— Это вовсе не ее фамилия, — свирепо промолвила мама. — Это псевдоним, которым она пользовалась в те времена, когда надеялась пробиться на сцену, стать певичкой в дешевом кабаре. Господи, никогда еще меня так не унижали!
— Не обращай внимания, — грустно посоветовала я.
— Черта с два! — взвилась мама. — Этот номер ей так не пройдет. Если старая ведьма надеется сохранить полученные сребреники, то она жестоко ошибается. Одевайся, Эли. Мы немедленно едем к ней.
Стоило нам пересечь порог дома престарелых, как мы тут же поняли, где искать бабушку. Сенсационный дебют в «желтой» прессе не заставил ее забиться в темный угол. Отнюдь.
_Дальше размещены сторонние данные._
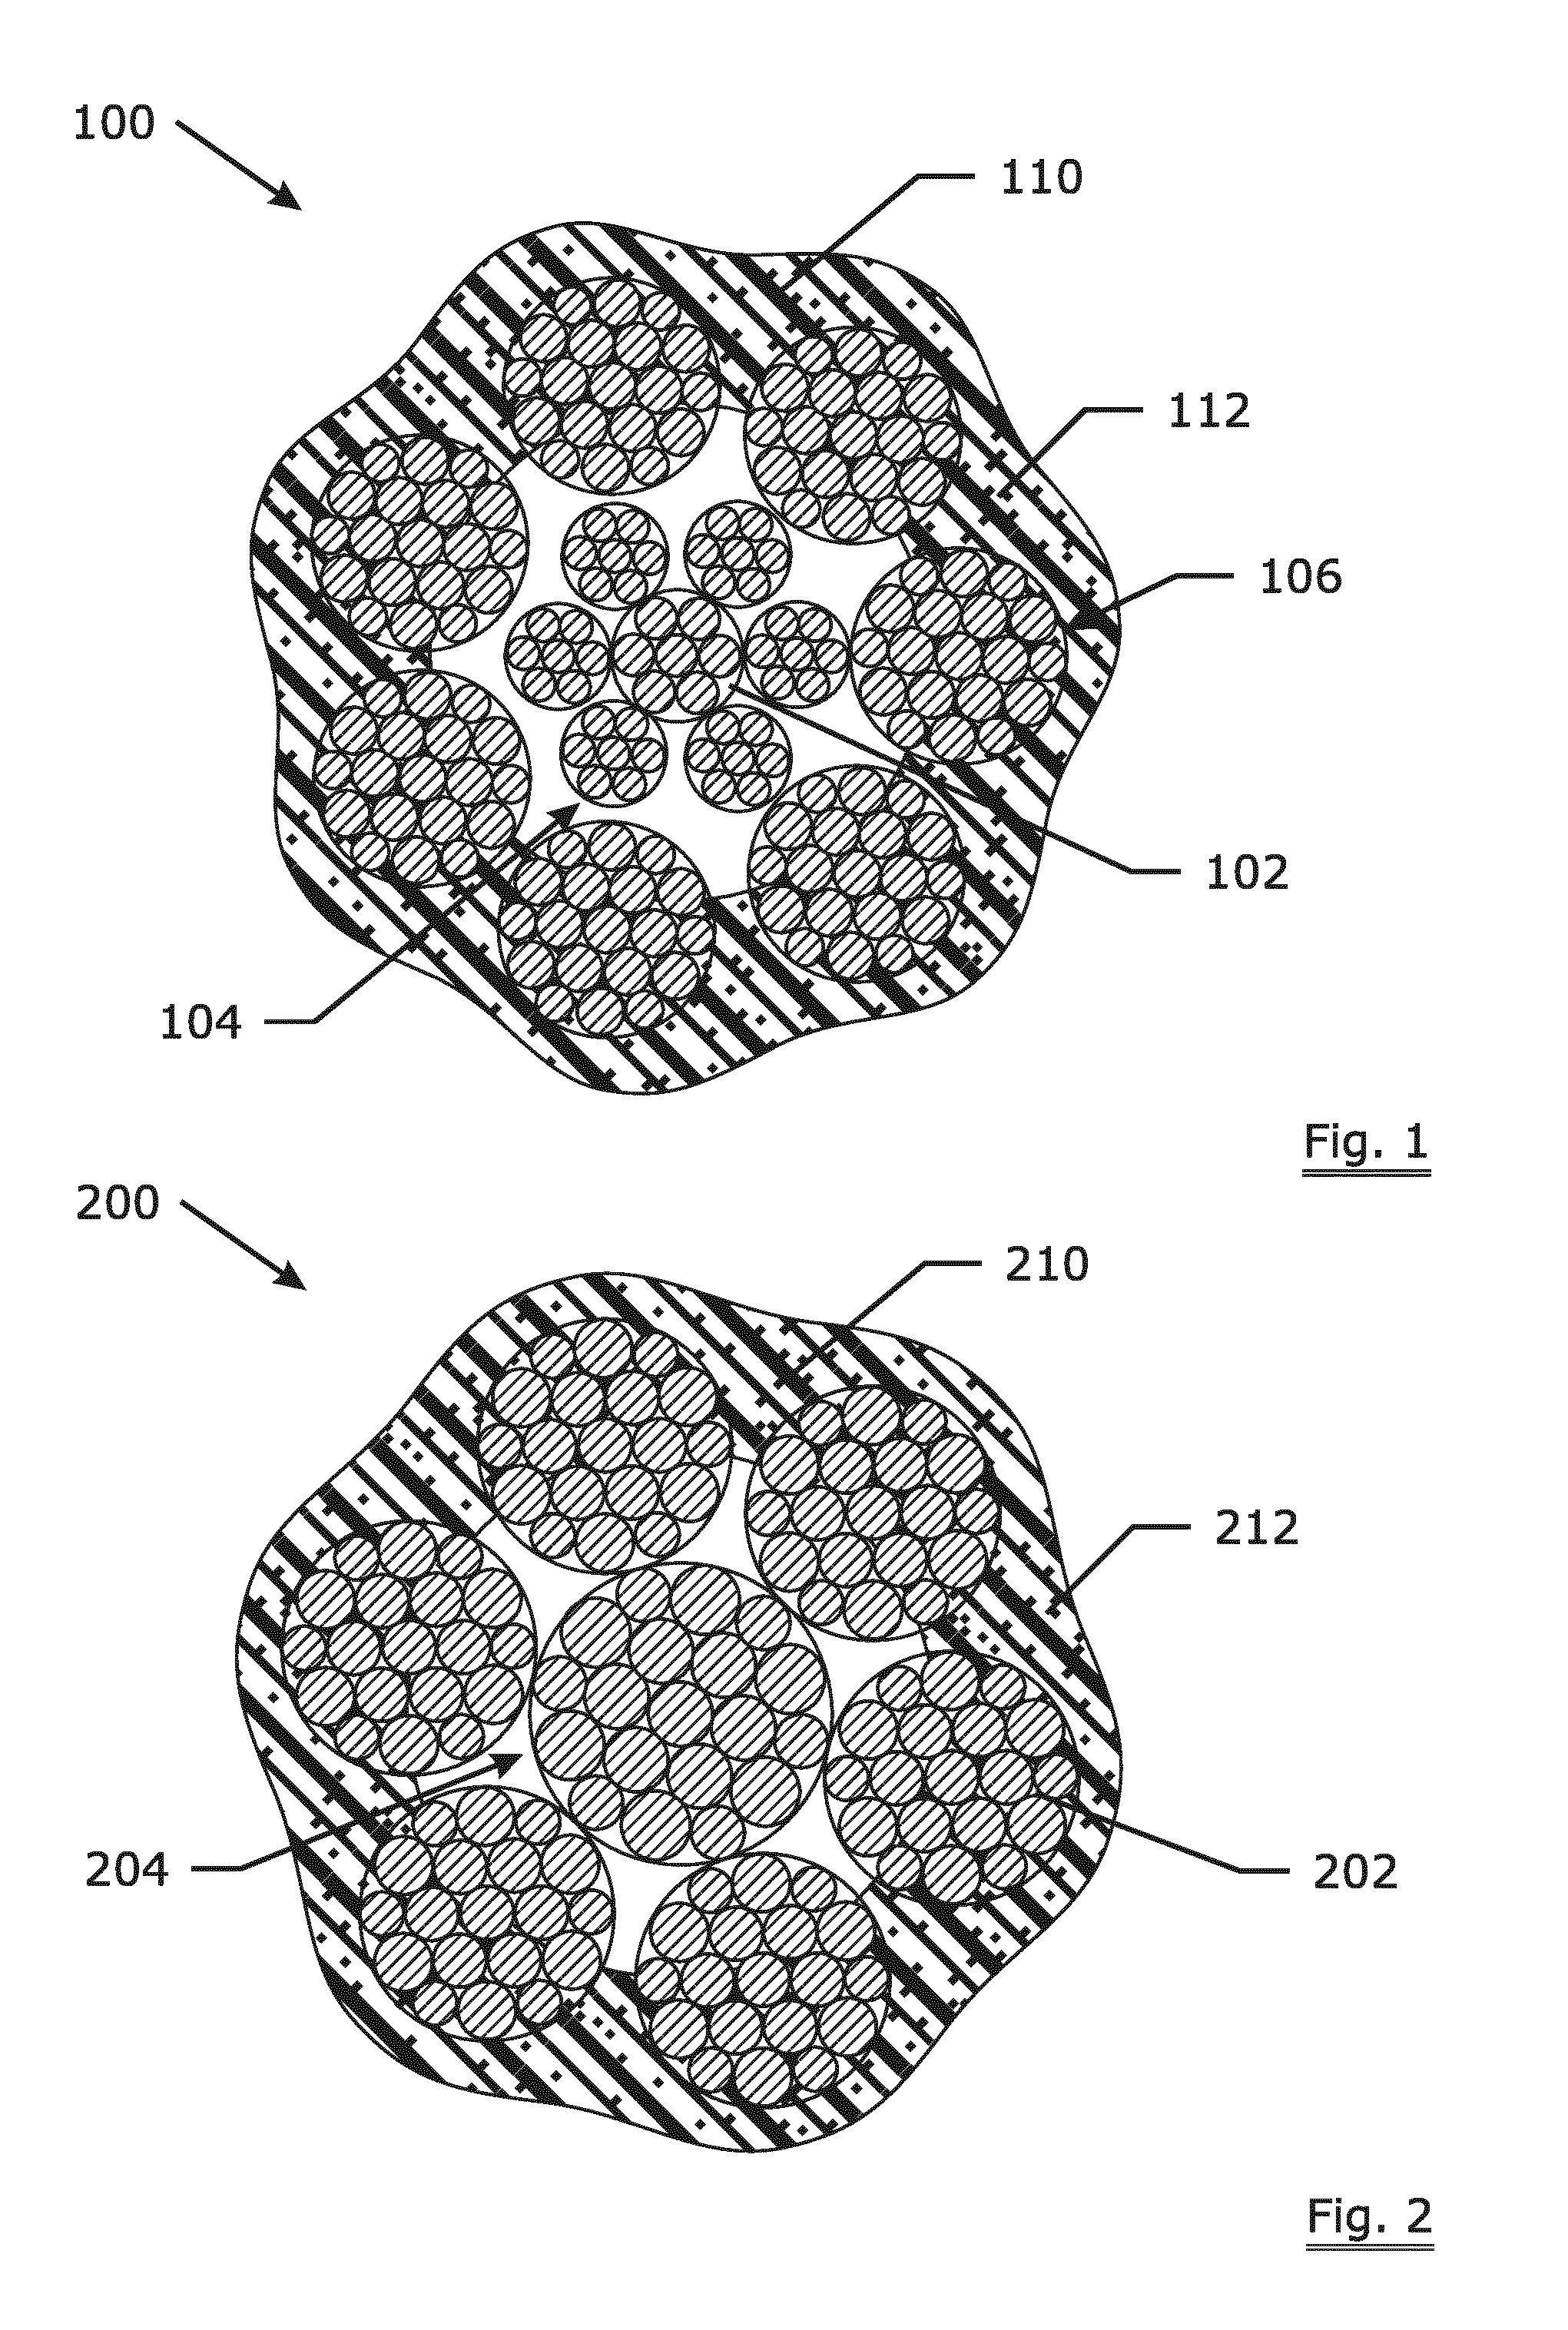 Load bearing assembly comprising a steel rope and a jacket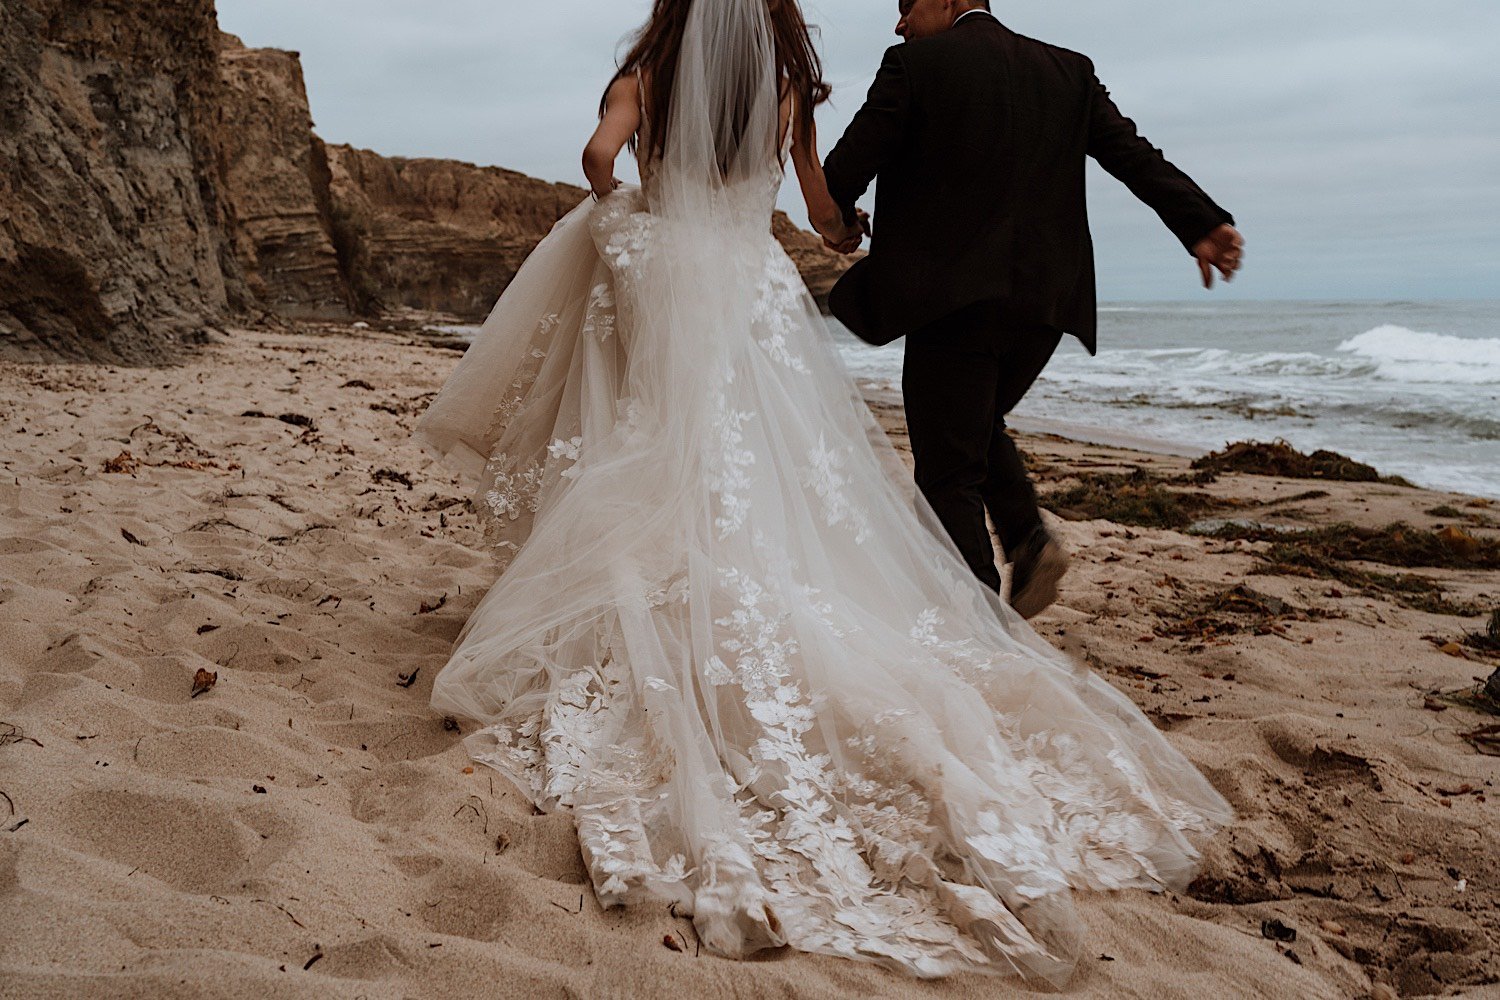 Bride and groom wearing wedding gear run on the beach in front of the water

Бабушка, окруженная толпой почитателей, красовалась в лучшем кресле посреди гостиной. Я и прежде замечала, как пускали слюни мужчины — обитатели приюта, но сейчас они с вожделением смотрели на мою бабулю.
— Можно тебя на пару слов, мама? — громко спросила моя мамочка, убеждаясь, что все вокруг ее слышат. Пусть, мол, помнят, что Рене Марлин не только звезда эстрады; но и почтенная бабушка. — Где деньги?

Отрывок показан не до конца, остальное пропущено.